Lesch-Nyhan syndrome ... (Lesch-Nyhan syndrome) - Gen HPRT1
Lesch-Nyhan is a process that affects almost exclusively males, characterized by neurological and behavioral anomalies and excessive formation of uric acid, which can accumulate leading to gouty arthritis, or kidney stones or bladder . Neurological disorders include involuntary muscle movement disorders such as dystonia, spasmodic movements (chorea), and shaking of the limbs (ballismus). For these reasons, those affected usually can not walk and require the use of a wheelchair. Self - injury, including biting and head banging, the problem is most common and distinctive in people with Lesch-Nyhan syndrome behavior.
This process is due to mutations in the gene HRPT1, located on the long arm of the X chromosome (Xq26.1). This gene encodes the enzyme hypoxanthine-phosphoribosyl 1, which is involved in purine metabolism, making recycling when nucleic acids (RNA or DNA) are degraded. Purines recycling ensures that the cells have an abundant supply of amino acids in the coding DNA and RNA.
There are more than 200 mutations in the gene responsible HPRT1 Lesch-Nyhan syndrome. These mutations include nucleotide changes, insertions or deletions. that result encoding nonfunctional January 1, or low function-hypoxanthine phosphoribosyltransferase. Consequently, purines from nucleic acids not recycled, causing excessive accumulation of uric acid in the form., Which may lead to gouty arthritis, kidney stones and vesivcales calculations. However, it is unclear how functional enzyme deficiency leads to the characteristic neurological and behavioral problems of Lesch-Nyhan syndrome.

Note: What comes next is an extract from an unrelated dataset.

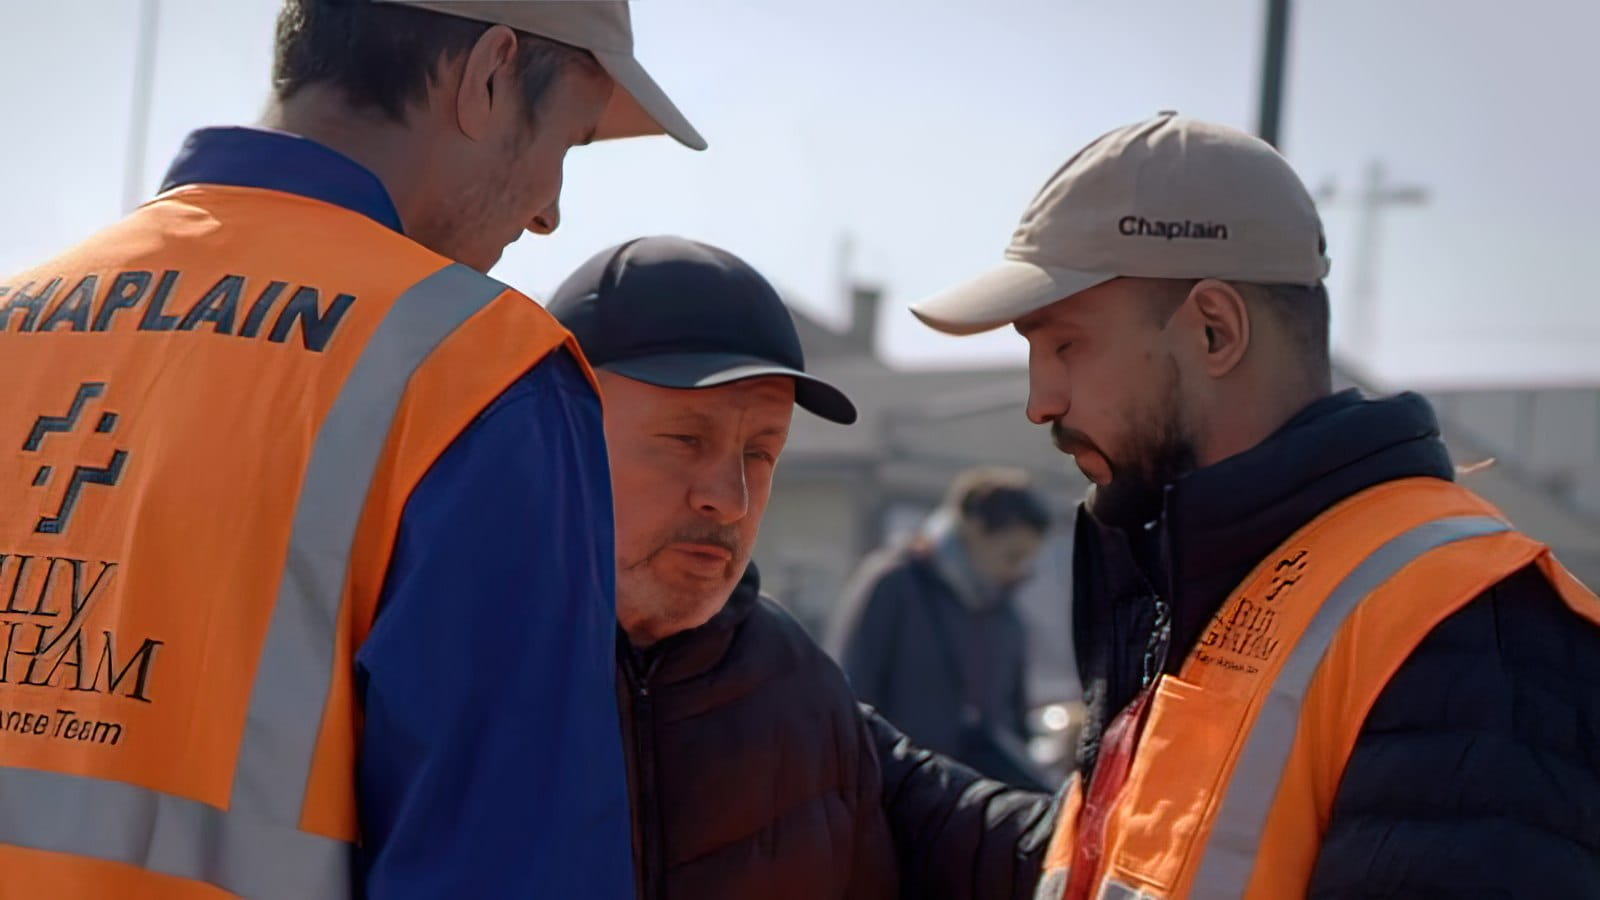 Billy Graham Rapid Response Team chaplains are seeing a growing openness to the Gospel as they minister to thousands throughout Ukraine.

For reasons not well understood, the deficiency of this enzyme is associated with a deficiency of dopamine in the central nervous system. Dopamine is involved in controlling movements and emotional behaviors, so in patients with motor problems and other disorders of the central nervous system appear. Some patients with mutations in the gene HPRT1 produce a functional enzyme, and are considered to have variant Lesch-Nyhan syndrome, with signs and symptoms milder than usual syndrome. These mutations have also been associated with gouty arthritis called "related HPRT1 drop", Kelley-Seegmiller or syndrome in which there are no changes in the nervous system.
This process is inherited sex - linked recessive, because the gene is located on chromosome X. Having males one X chromosome, the alteration of this single gene is sufficient for the process is revealed. In women, having two X chromosomes, the mutation must occur on both chromosomes to express syndrome. For this reason, males are affected much more frequently than women, because it is very rare that they have two copies of the gene on both X chromosomes altered. A feature of these processes linked to chromosome X, is that parents can not pass this genetic trait to their children.
Tests in IVAMI: in IVAMI perform detection of mutations associated with Lesch-Nyhan syndrome, by complete PCR amplification of the exons of the gene HPRT1, and subsequent sequencing.
Samples recommended: EDTA blood collected for separation of blood leukocytes, or impregnated sample card with dried blood (IVAMI may mail the card to deposit the blood sample).